Apparently technological innovations are as prone to extinction as woolly mammoths and sabre-tooth tigers. More innovations and technical advances have been lost than kept through history – forcing the proverbial wheel to be re-invented many times.

Scattered populations, expertise confined to a few and lost records mean great ideas go missing. Indeed science has yet to find a way of ensuring everything we know today isn’t lost, when today’s digital memories and readers become obsolete.

There is evidence though, that the pace of discovery and innovation has indeed increased in recent centuries – due to words, books and libraries. Ideas are saved more easily thanks to greater population density and stronger networks for knowledge transfer – the Internet just being the latest and greatest.

But in recent decades it seems that some forms of innovation might actually be slowing down. How could that be?

One reason is young people have to spend so much time learning what has already been discovered, they have no time to think of anything new. Most schoolchildren will never get beyond 19th century physics and chemistry, as that’s what they’ll be tested on. But maybe a grounding in the ‘Great experiments’ isn’t such a bad idea. It’s certainly fun.

On a strangely reassuring trip down memory lane this morning, we went to look at a school for my son. A charming older boy showed us round a large campus with a nice well used, ‘lived in’ feel.

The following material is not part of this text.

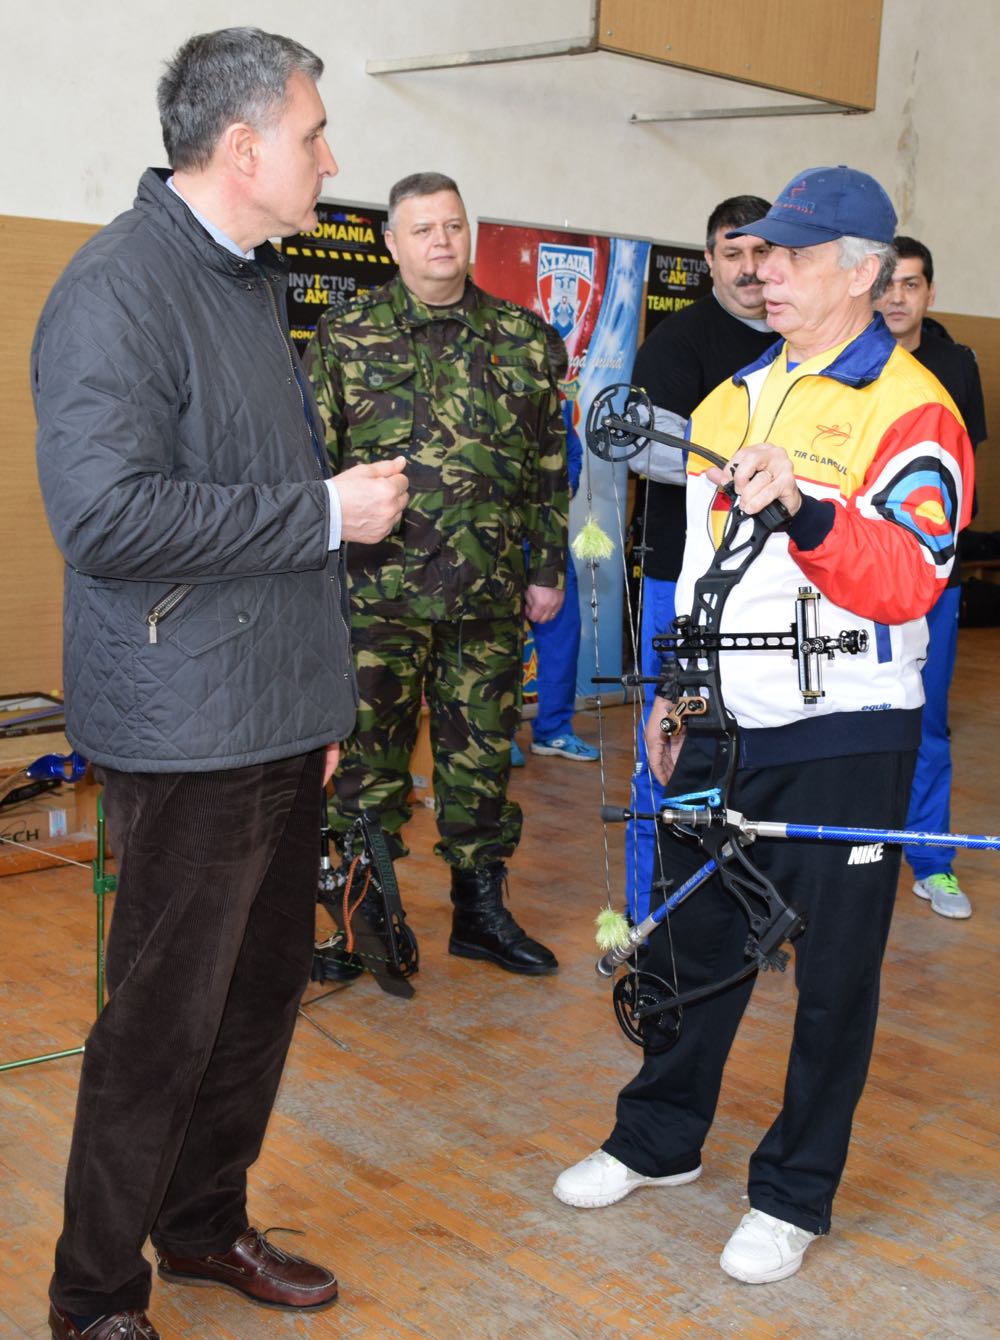 Principele Radu viziteaza pe militarii Invictus in cantonament la Baza sportiva militara de la Saftica, 21 februarie 2017

And memories of my own school days were reignited by the whiff of a Bunsen burner and two boys messing about in goggles with a tripod, gauze and beaker, setting fire to things in the chemistry lab.

Happy days. I remember Russell Cross’s wooden pencil case being surreptitiously filled with sulphuric acid and his pens and pencils dissolving nicely before he and the teacher could save them.

Then the occasion that entire back lab bench managed to change into their P.E. kit and retake their places – apparently attentive for a good five minutes – before being rumbled.

Finally the bungled experiment where nitric acid went in the beaker instead of hydrochloric, generating thick brown vapours and an evacuation – to general delight – as the potion was stuffed in the fume cupboard to boil off poisonously.

Each generation needs its turn at dissecting bull’s eyes, making hair stand on end with the van de Graaf generator and of course setting fire to things with Bunsen burners.

There may not be much scientific innovation but messing about in the lab is an important rite of childhood passage. In this safety conscious age many schools don’t let kids get ‘hands on’ with the old science favourites. I liked today’s school all the more for still letting them.